Assuming that a topic consumed by a FlinkSQL task has 5 partitions, the actual parallelism of downstream operators is 5, and the relationship between operators is forward. For the dimension table join scenario with a relatively large amount of data, in order to improve the efficiency, we hope that the degree of parallelism can be higher, and we hope that the degree of parallelism can be flexibly set without being bound to the number of upstream partitions.

Based on this, we have developed the function of previewing the topology. Whether it is a Jar package or an SQL task, it can parse and generate a StreamGraph for preview. It also supports modifying grouping, operator chain strategy, parallelism, setting uid, etc.

With this function, we can also adjust the parallelism of the dimension table join operator, and adjust the partition strategy from forward to rebalance, and then update the adjusted information to StreamGraph. In addition, we have also implemented a dynamic rebalance strategy, which can judge the load situation in the downstream partition based on the backLog, so as to select the optimal partition for data distribution.
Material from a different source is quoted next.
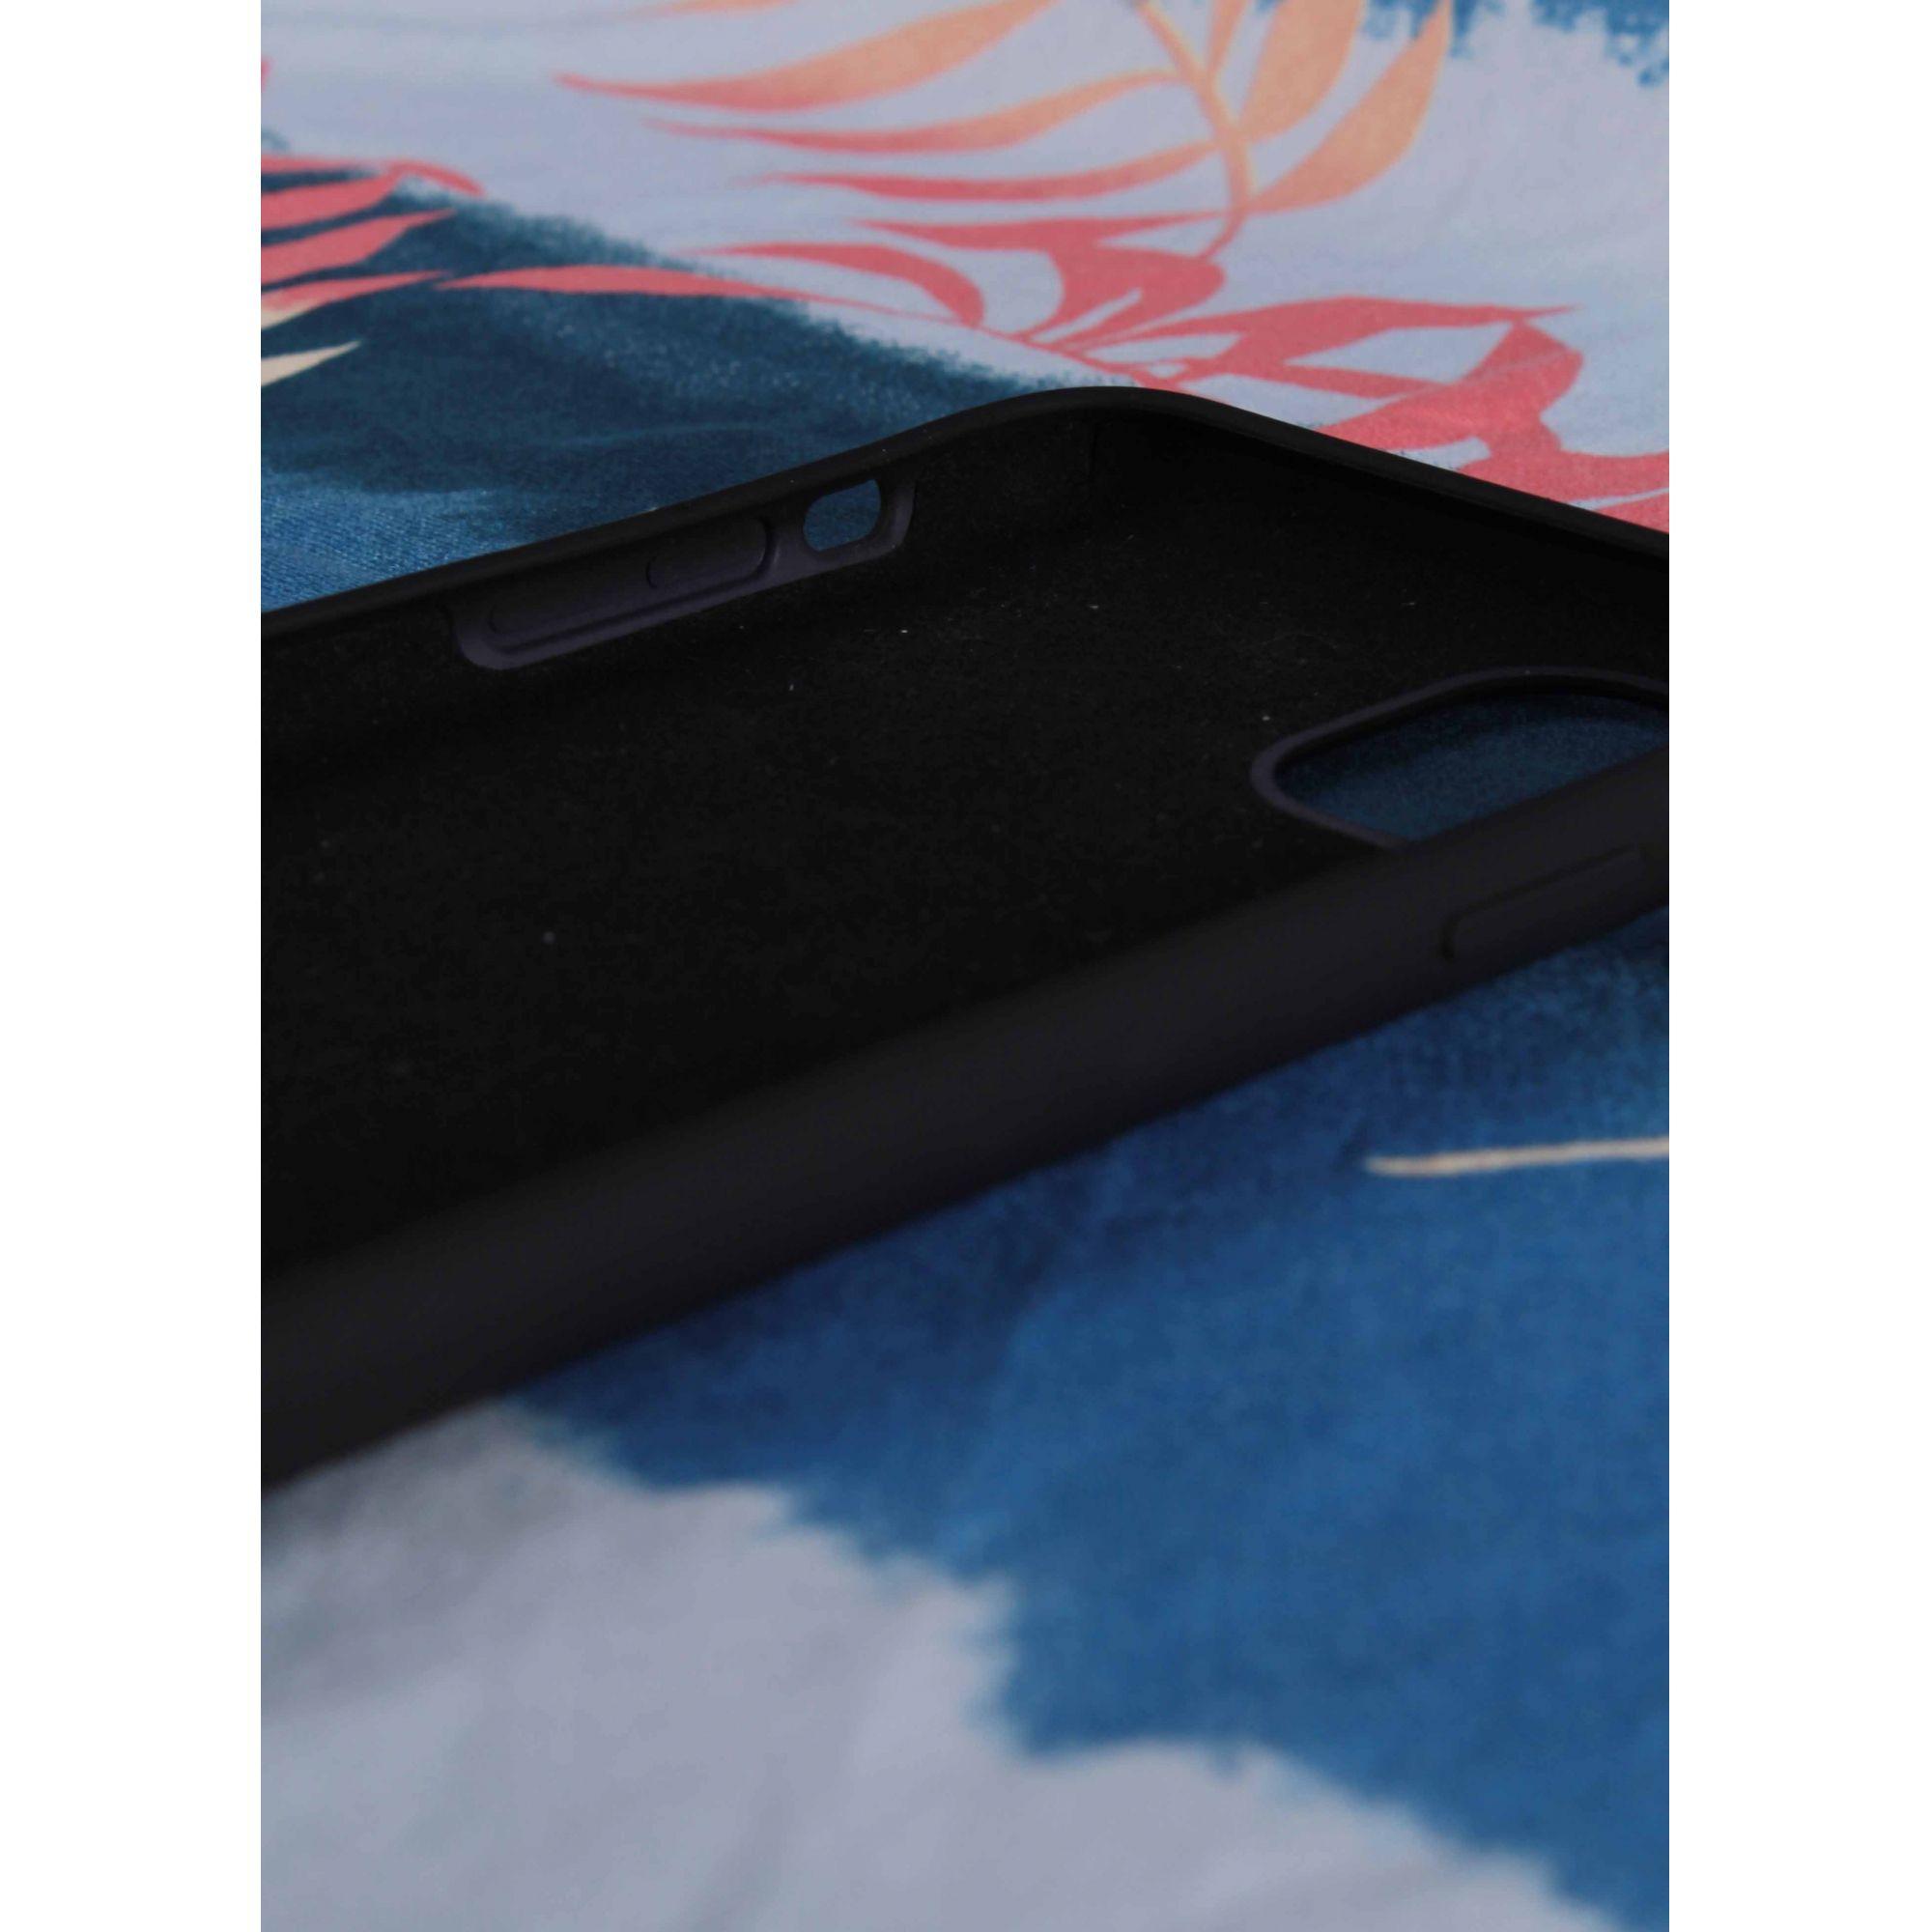 Capinha para Iphone 11 Pro - MENINO&MENINA  - Menino_Menina

In order to improve the performance of dimension table join, we implement asynchronous IO for all types of dimension table data sources supported by the platform and support in-memory caching. Whether it is the native forward method or the rebalance method, there are problems of cache invalidation and replacement. So, how to improve the hit rate of the dimension table cache and how to reduce the operation of eliminating the dimension table cache?

Taking the native forward method as an example, forward means that each subtask caches random dimension table data, which is related to the value of joinkey. Hash the joinkey of the dimension table to ensure that each downstream operator caches different dimension table data related to the joinkey, thereby effectively improving the cache hit rate.
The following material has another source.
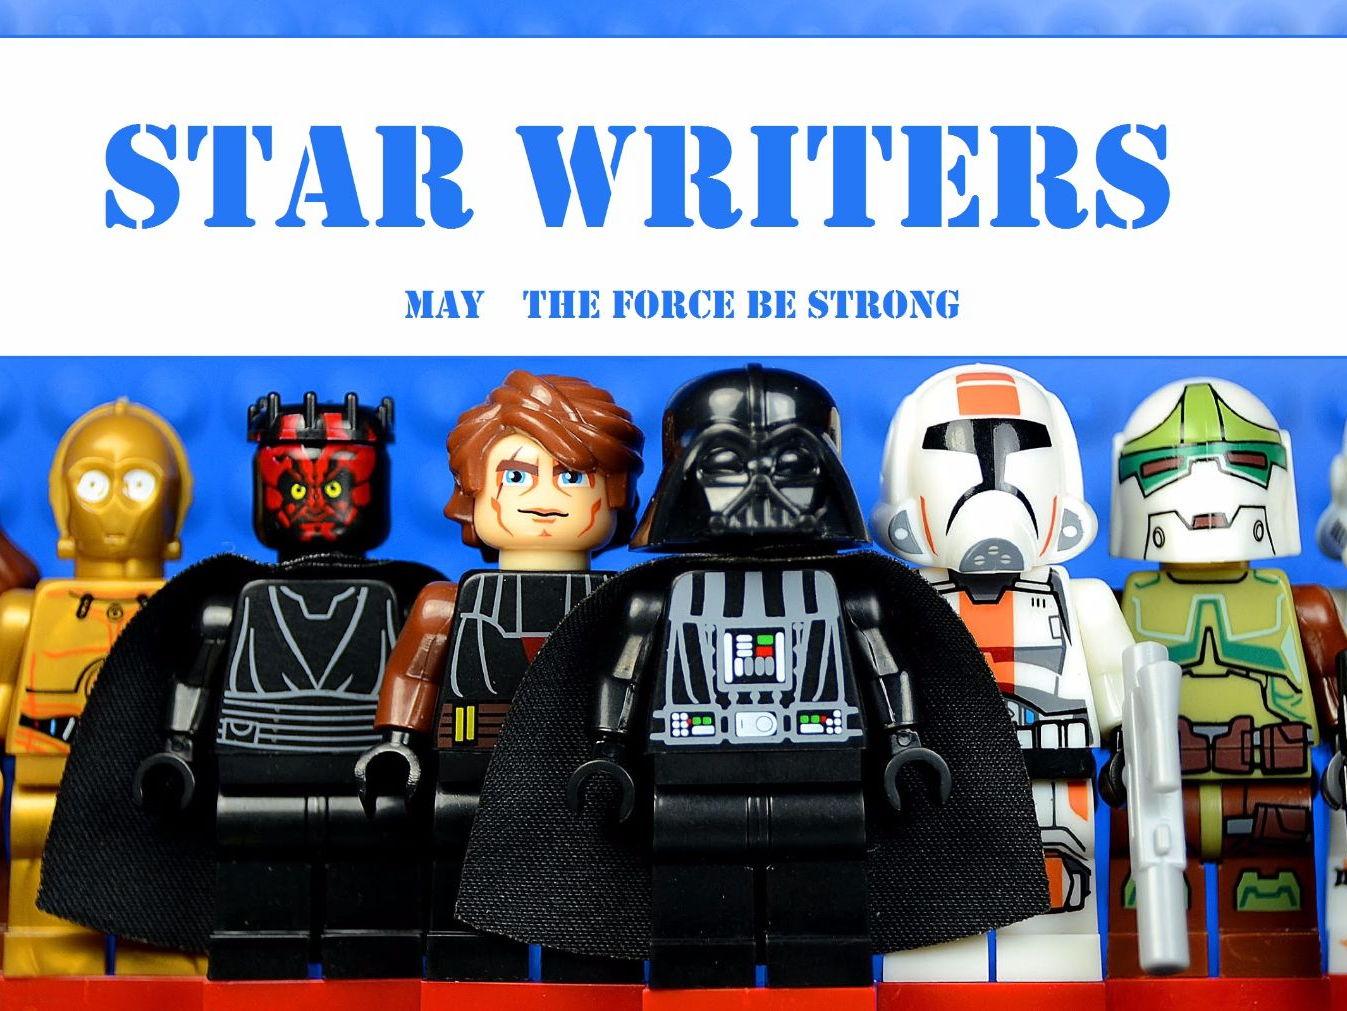 Star Wars Themed KS2 Writing Teacher Assessment record sheet bundle

At the implementation level, we added an optimization rule called StreamExecLookpHashJoinRule and added it to the physical rewrite stage. A StreamExecChange node is added between the bottom scan data StreamExecTableSourceScan and the dimension table join StreamExecLookupJoin, which completes the hash operation on the dimension table data. This can be enabled by specifying lookup.hash.enable=true when defining the dimension table DDL.

We enabled the cache for forward, rebalance, and hash, and conducted performance tests in the same scenario. 100,000,000 pieces of data in the main table are joined to 10,000 pieces of data in the dimension table. Under different computing resources, rebalance has several times the performance improvement compared to the original forward method, and hash has several times compared with the rebalance method. The performance is improved twice, and the overall effect is quite impressive.

For the problem that the efficiency of a single query of dimension table join is relatively low, the solution is also very simple. The batch size can be specified in the DDL definition by setting the value of lookup.async.batch.size. In addition, we also introduced the Linger mechanism in the time dimension to limit, to prevent extreme scenarios from being delayed and unable to accumulate a batch of data, resulting in a relatively high delay, you can set lookup in the definition of DDL. The value of async.batch.linger to specify the wait time.

After testing, the mini-batch method can bring 15% to 50% performance improvement.

Interval join is also a frequently used scenario in production. This type of business is characterized by very large traffic, such as 100 GB in 10 minutes. Interval join The data of the two streams will be cached in the internal state. When the data of either side arrives, the data of the corresponding time range of the opposite stream will be obtained to execute the join function, so this kind of high-traffic task will have a very large state.

In this regard, we chose RocksDB as the status backend, but the effect is still not satisfactory after parameter tuning and optimization. After the task runs for a period of time, there will be back pressure, which will cause the performance of RocksDB to decrease and the CPU usage rate to be relatively high.

Through analysis, we found that the root cause is related to the prefix-based scanning method used by Flink to scan RocksDB at the bottom. Therefore, the solution is also very simple. According to the query conditions, the upper and lower bounds of the query are accurately constructed, and the prefix query is changed into a range query. The key of the specific upper and lower bounds of the query condition is changed to keyGroup+joinKey+namespace+timestamp[lower,upper], which can accurately query only the data between certain timestamps, and the problem of the back pressure of the task has also been solved. And the larger the amount of data, the more obvious the performance improvement brought by this optimization.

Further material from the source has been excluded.